ちょっと何言ってるか全然わからないと思いますが、こんな感じなんです、本当に。
■爽快感がすごい
文字にすると複雑怪奇な展開ですが、要するに最初は頼りなかった小夢ちゃんという女の子が実は神様だった、ということが明らかになり、第1話からのさまざまなシーンに潜んでいた伏線が一気に回収された、文字通りの「神回」となりました。広瀬アリスが「神としての自覚がある」「自分が普通の人間だと思っている」「再び神としての記憶を取り戻していく」というそれぞれのフェーズで的確なお芝居をしていたこともあって、爽快でダイナミックで、かつロマンチックな1時間でしたね。ホントに、あっという間に過ぎてしまった感じです。

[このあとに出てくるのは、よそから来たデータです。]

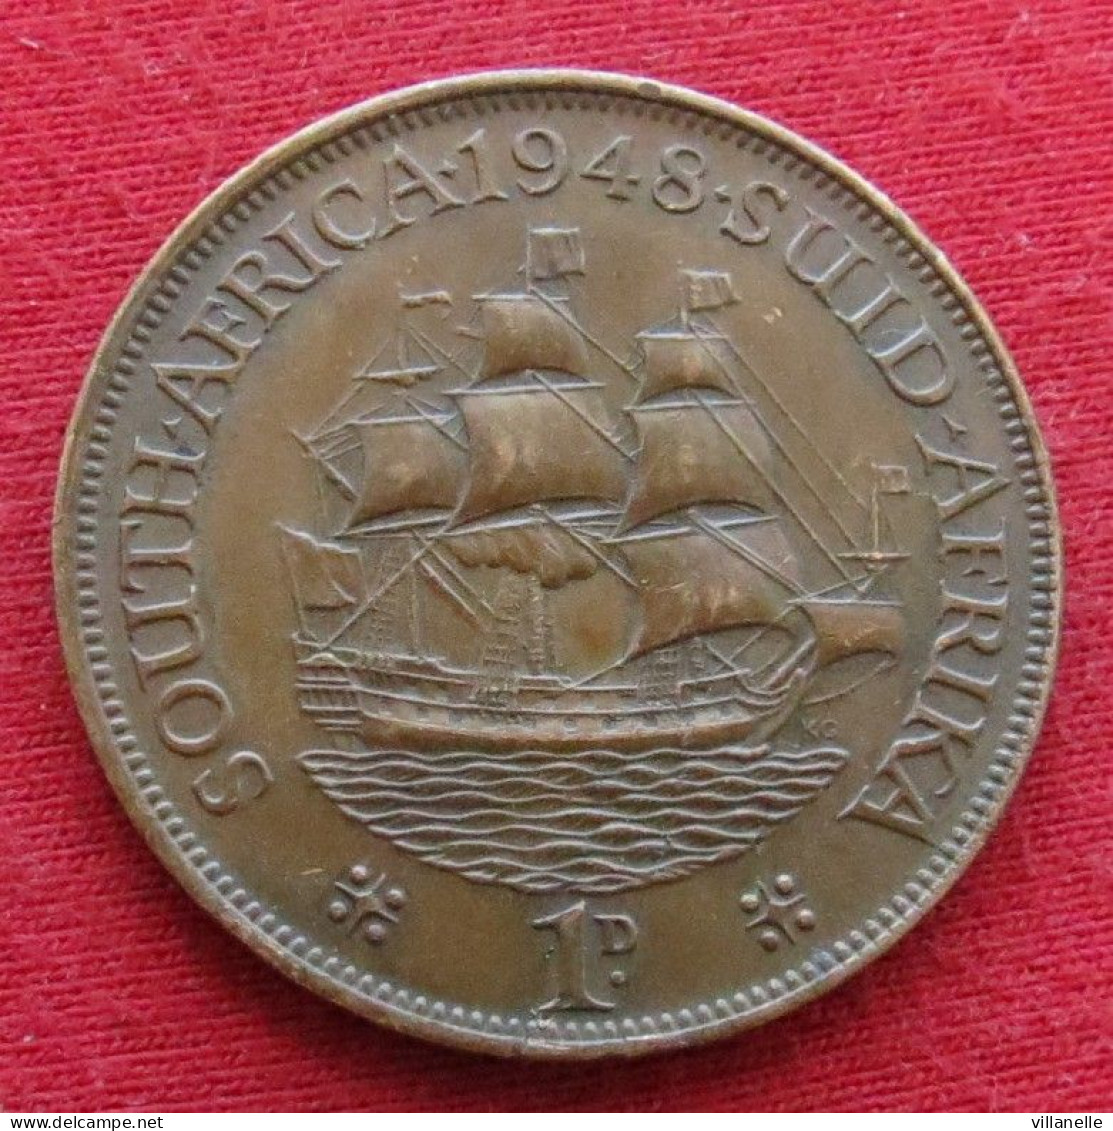 South Africa 1 penny 1948   Africa do Sul RSA Afrique do sud Afrika   W ºº
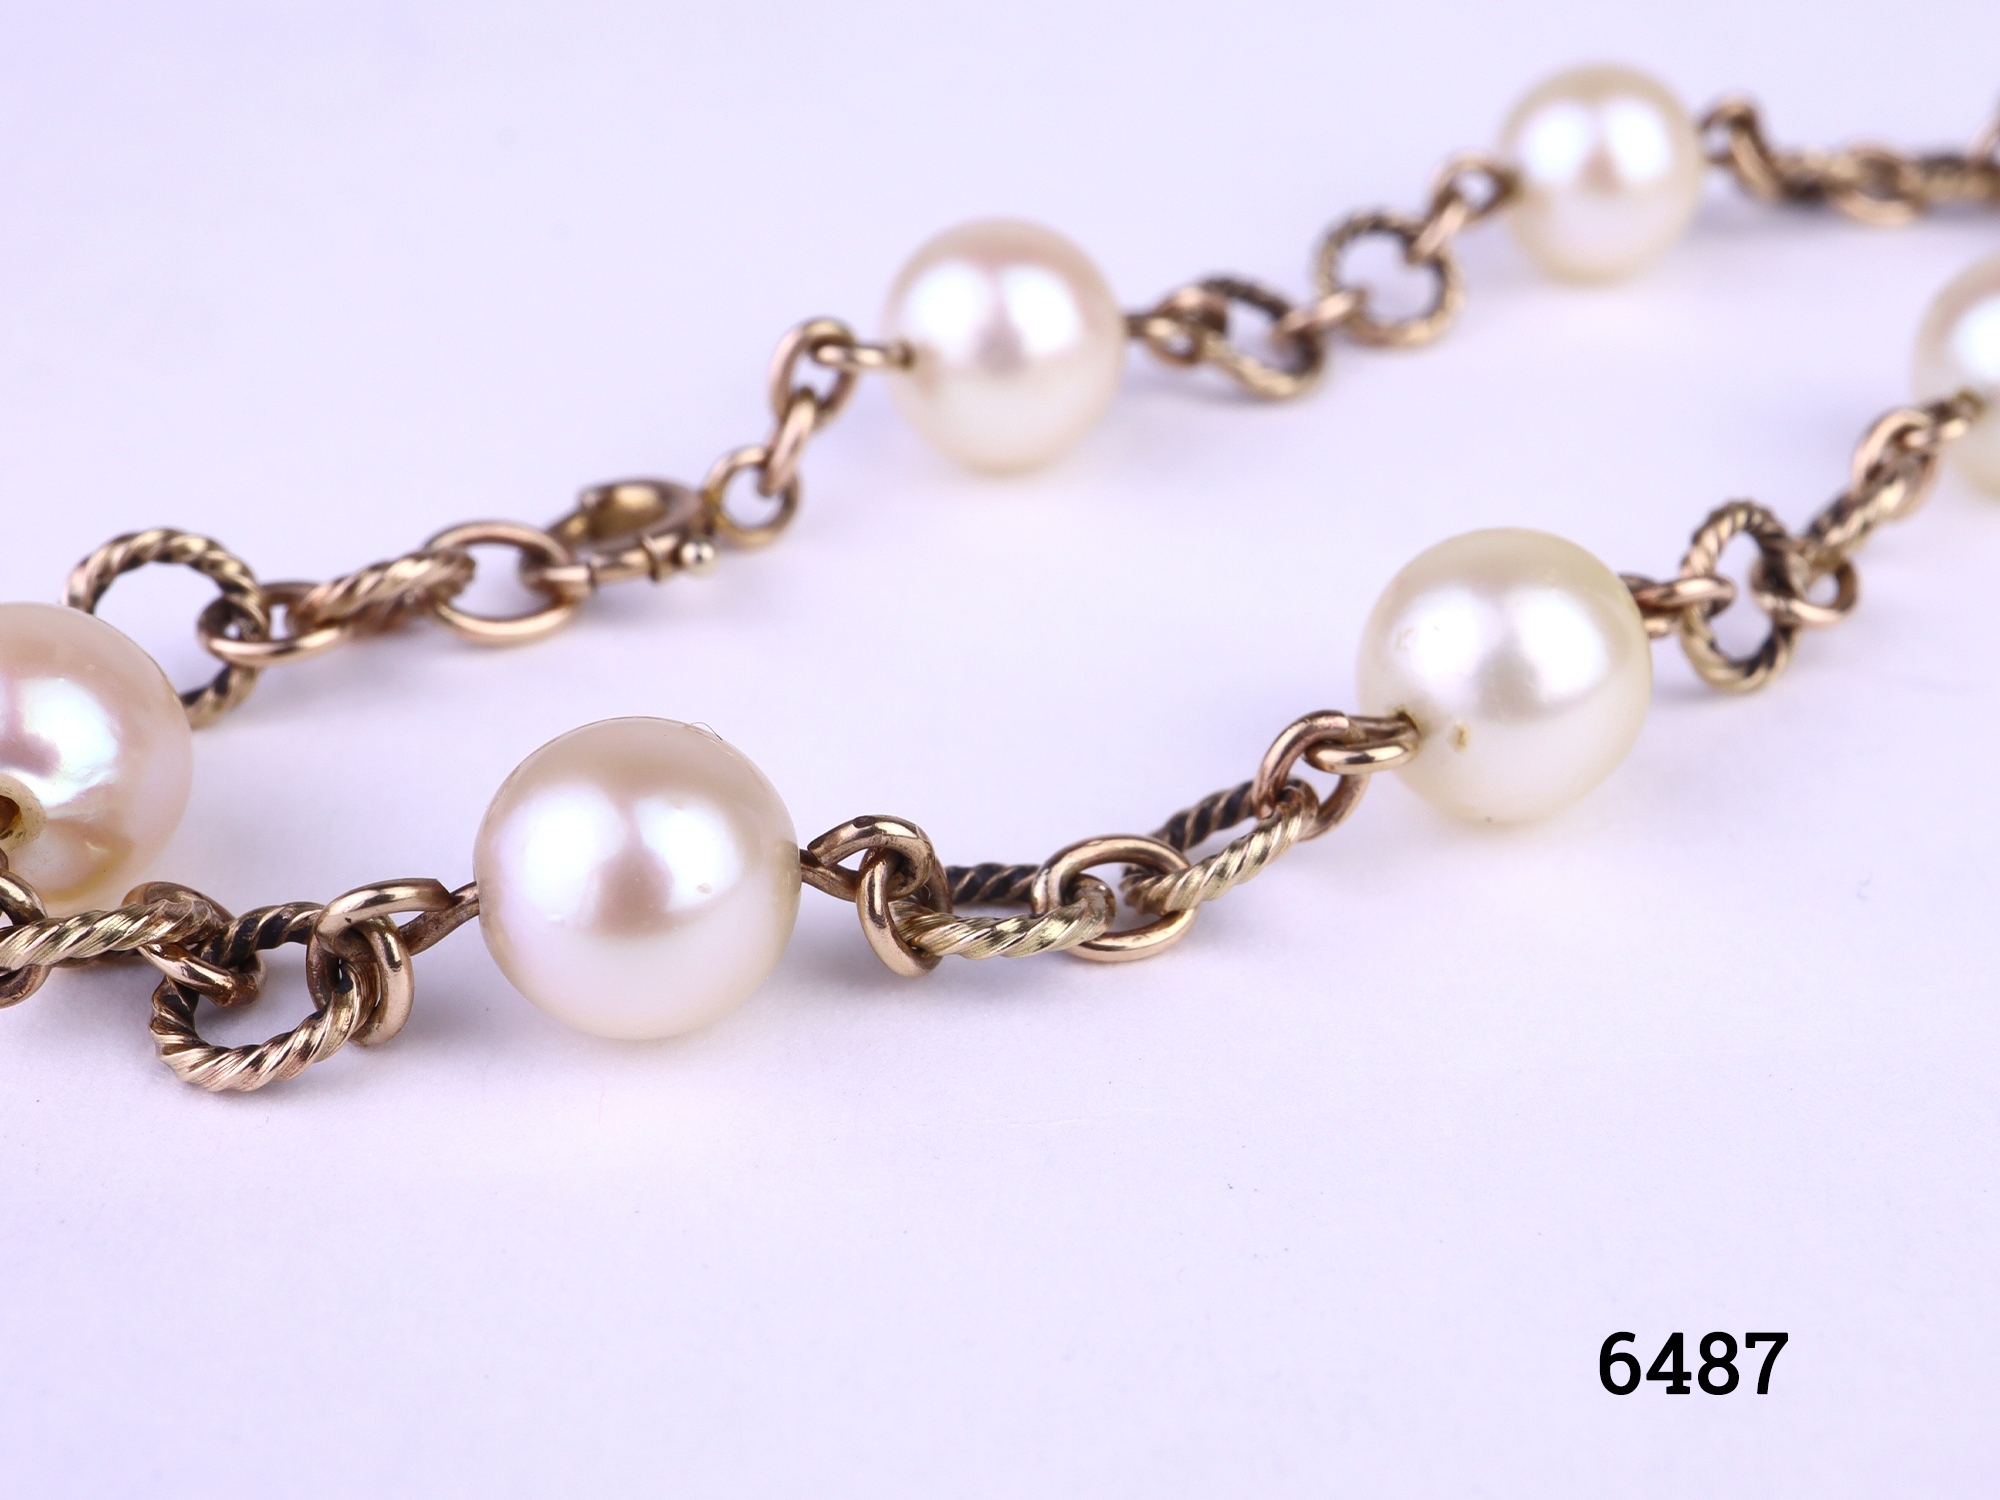 High Quality Fine Jewelry 24K Gold Plated Bracelets - Etsy

お話としては、「解決室vsヒルコ」が「神vs神」であるとしつつも、実はヒルコは人間なのではないかという示唆が入ったことで、一度は神話をモチーフにしたファンタジーに振り切ろうとしたところから、現代SFへの揺り戻しが起こっています。
解決室の神様たちはそれぞれ、人の居場所が透視できたり、遠くにいる誰かを呼び出すことができたりという能力を持っています。でもそれって、スマホやらAIやらビッグデータやら、現代の人間たちが持っているテクノロジーによって再現できるのではないか。つまりは、人は神に近づいているのではないかというところを語り出したわけです。神々が備えている日本古来の倫理や規範と、身に余るテクノロジーを“持ってしまった”現代人との対比、あるいは対決みたいなお話にもなってくるのかもしれません。